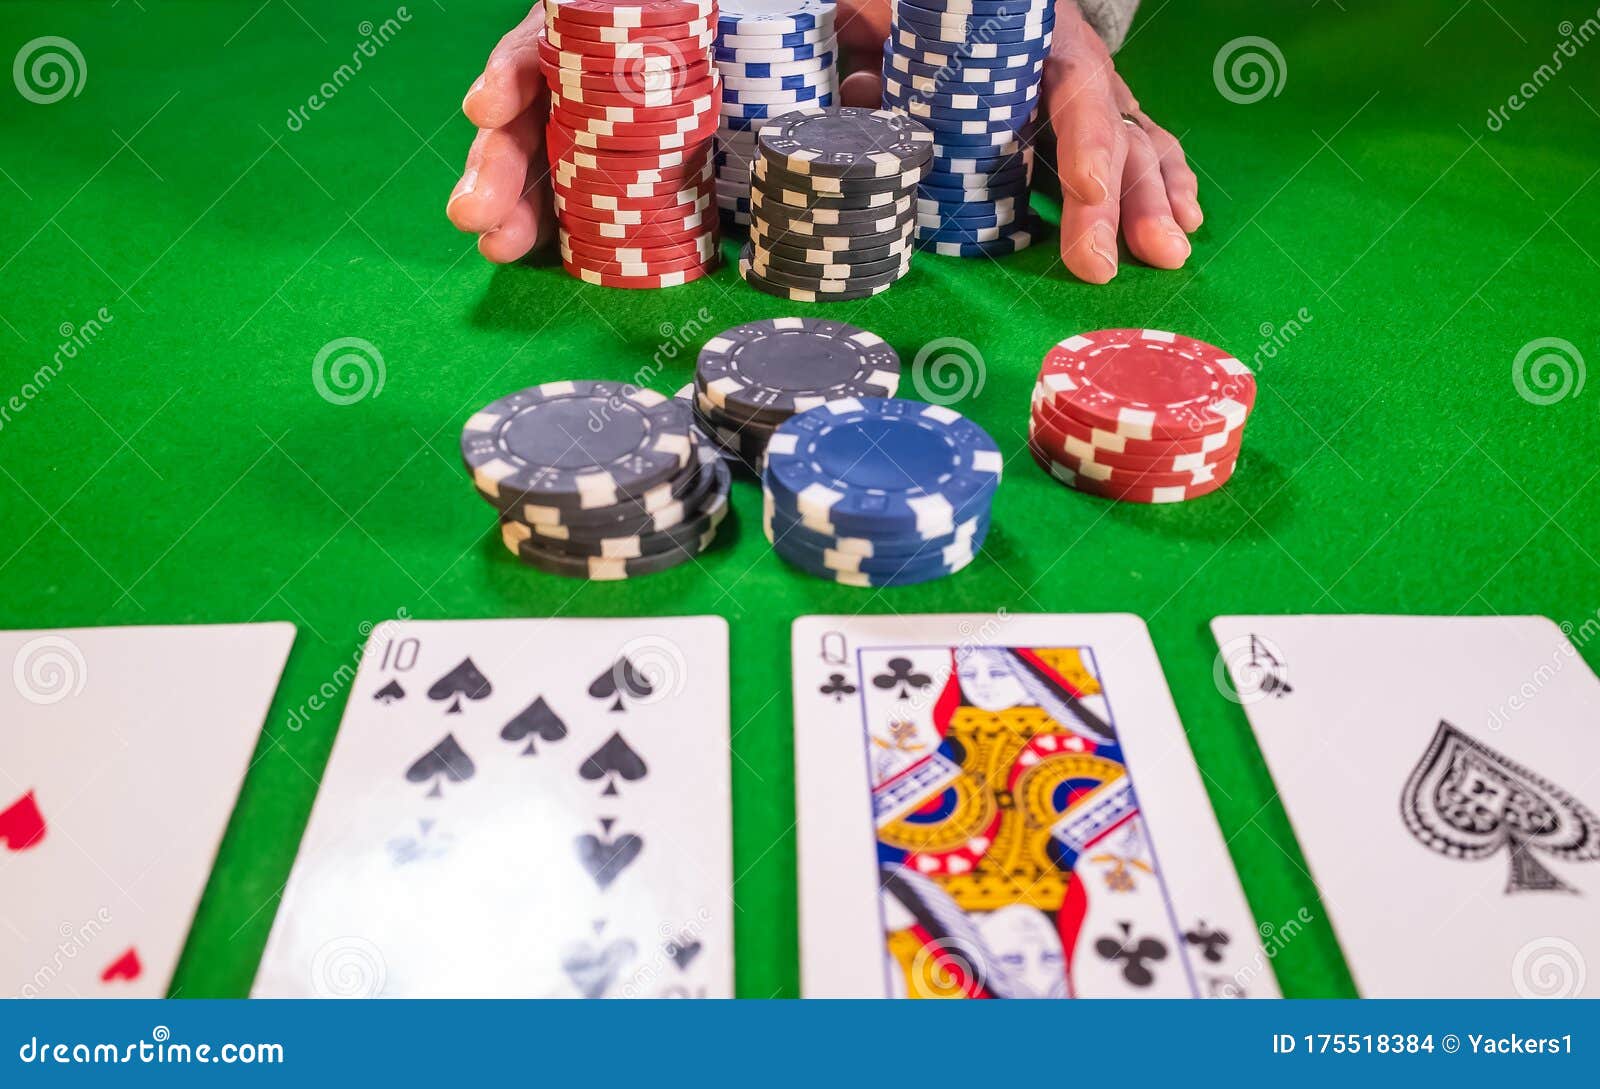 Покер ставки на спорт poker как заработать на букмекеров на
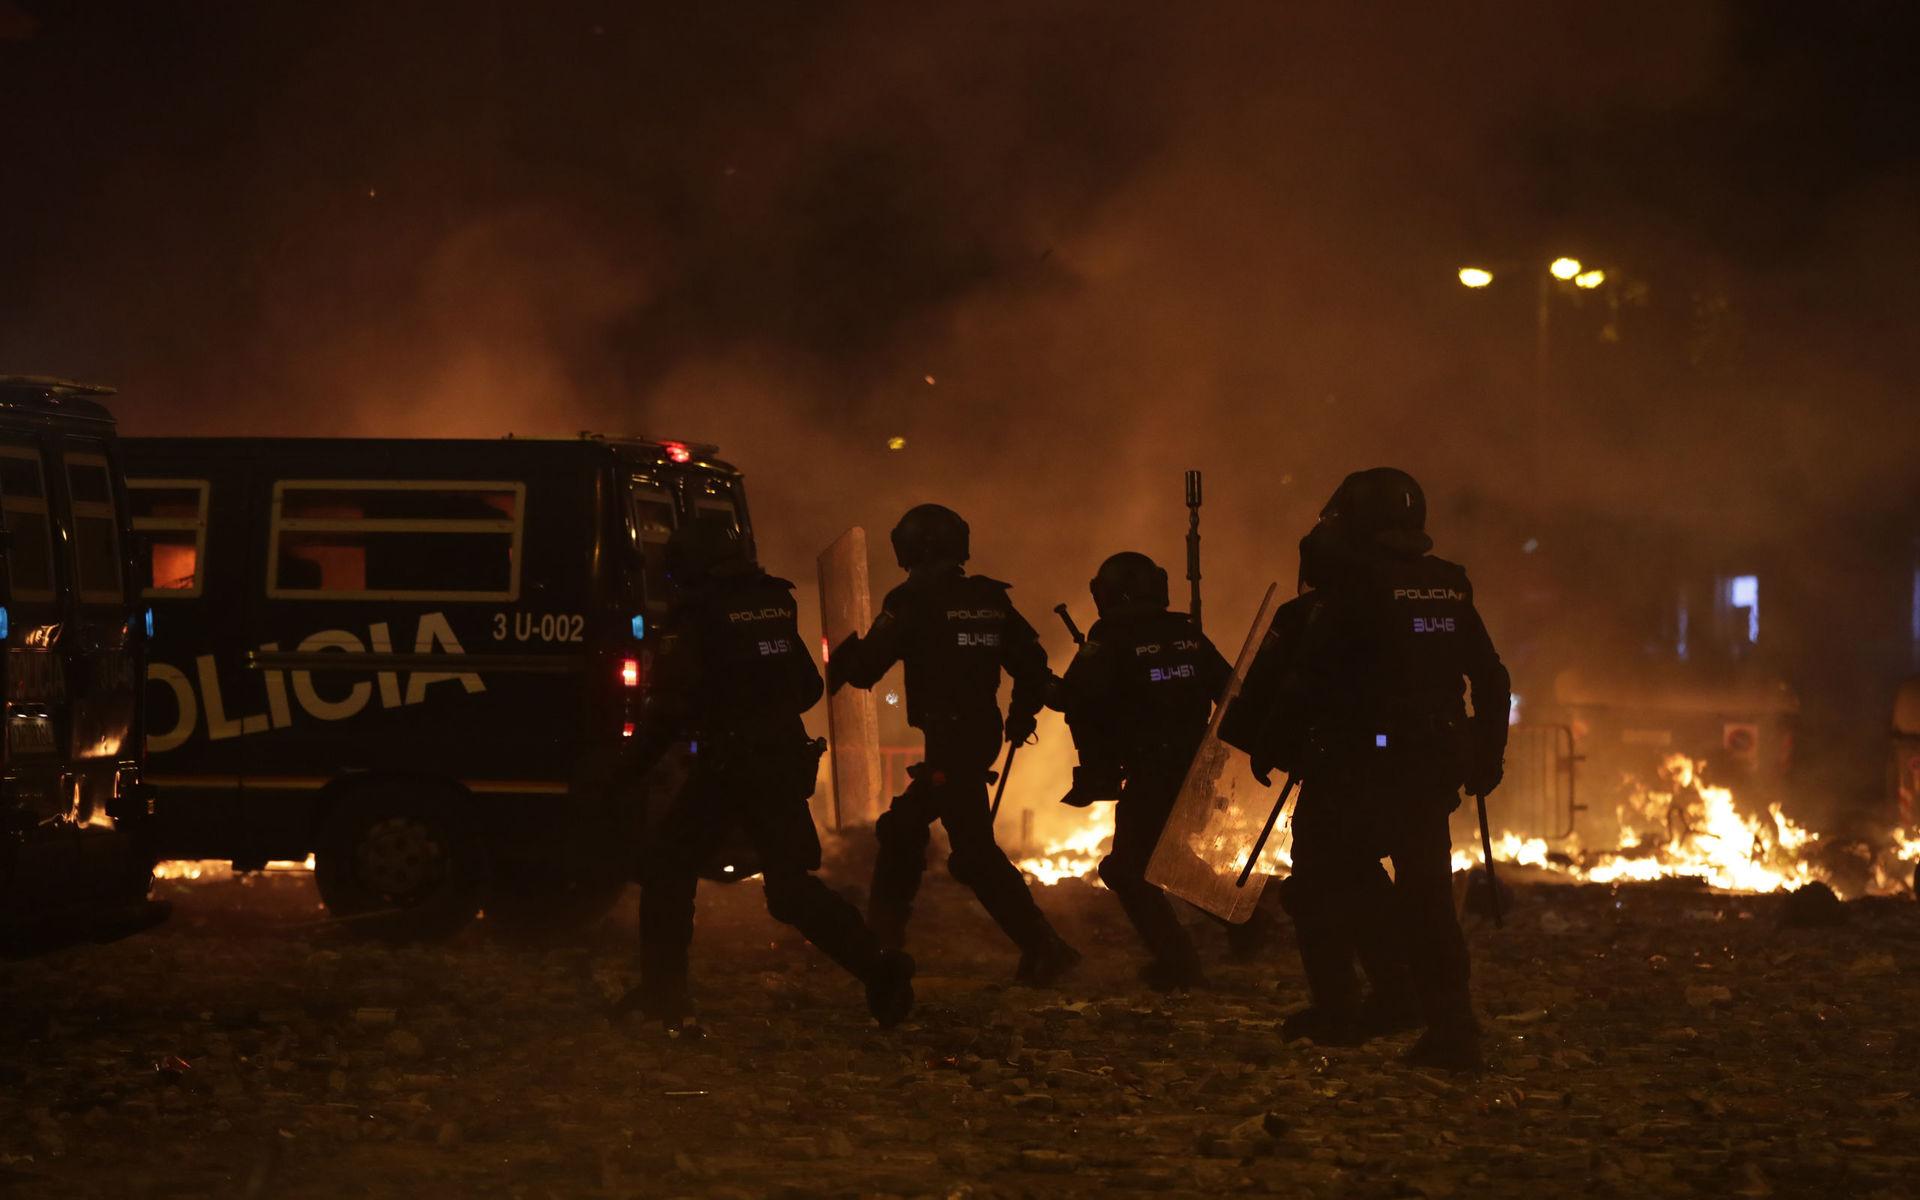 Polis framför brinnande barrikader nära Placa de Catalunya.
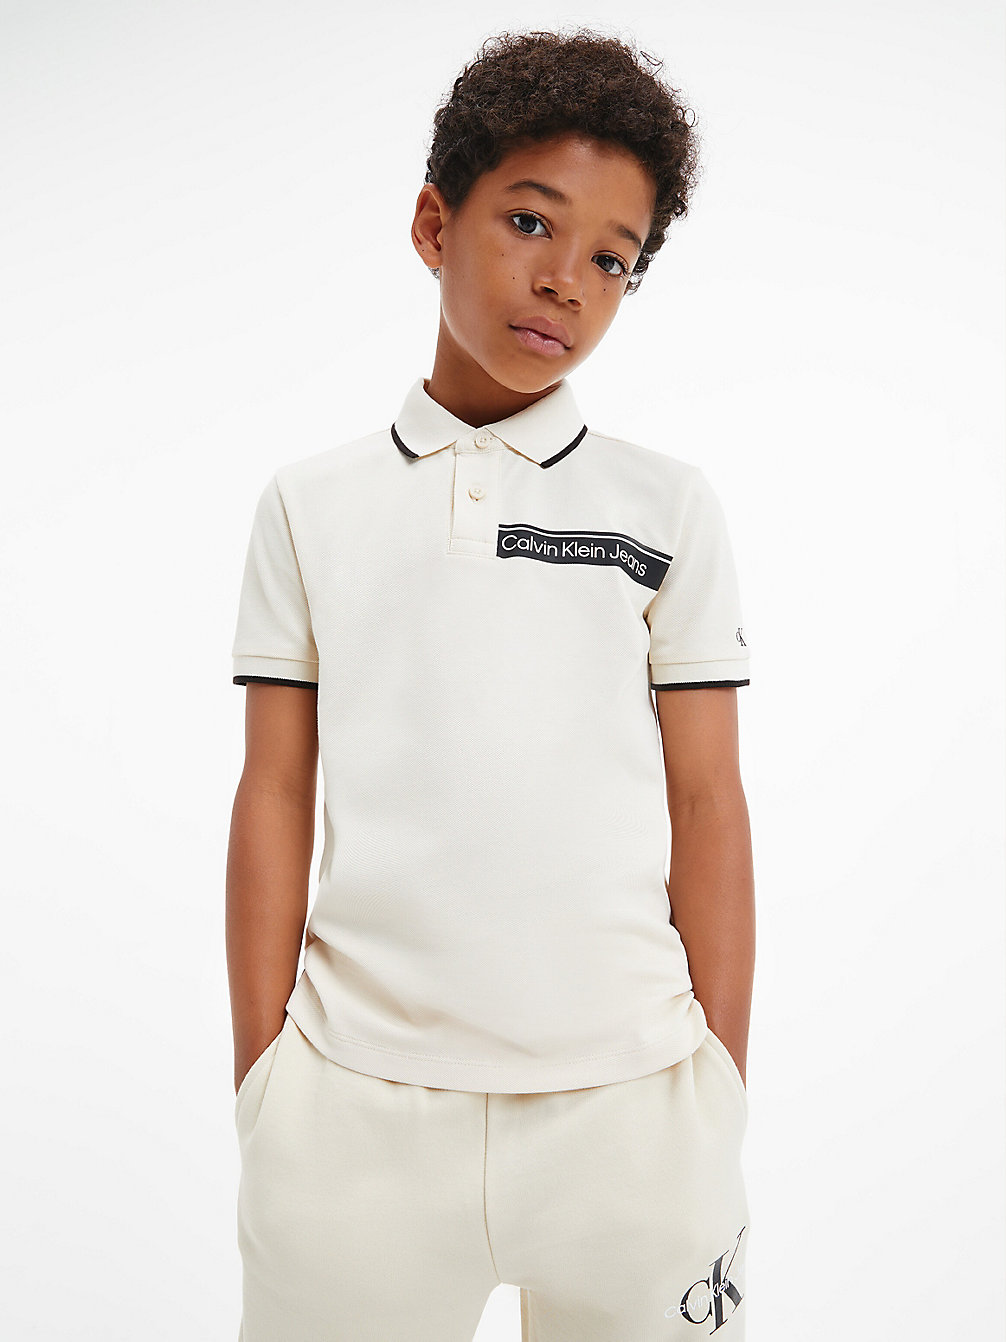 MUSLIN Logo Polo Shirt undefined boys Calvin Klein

* _The task_: What this calls for is the material above set down exactly, pictures excluded.

* _Answer for this exercise_:
 Покер ставки на спорт poker как заработать на букмекеров на
 Polis framför brinnande barrikader nära Placa de Catalunya.
 MUSLIN Logo Polo Shirt undefined boys Calvin Klein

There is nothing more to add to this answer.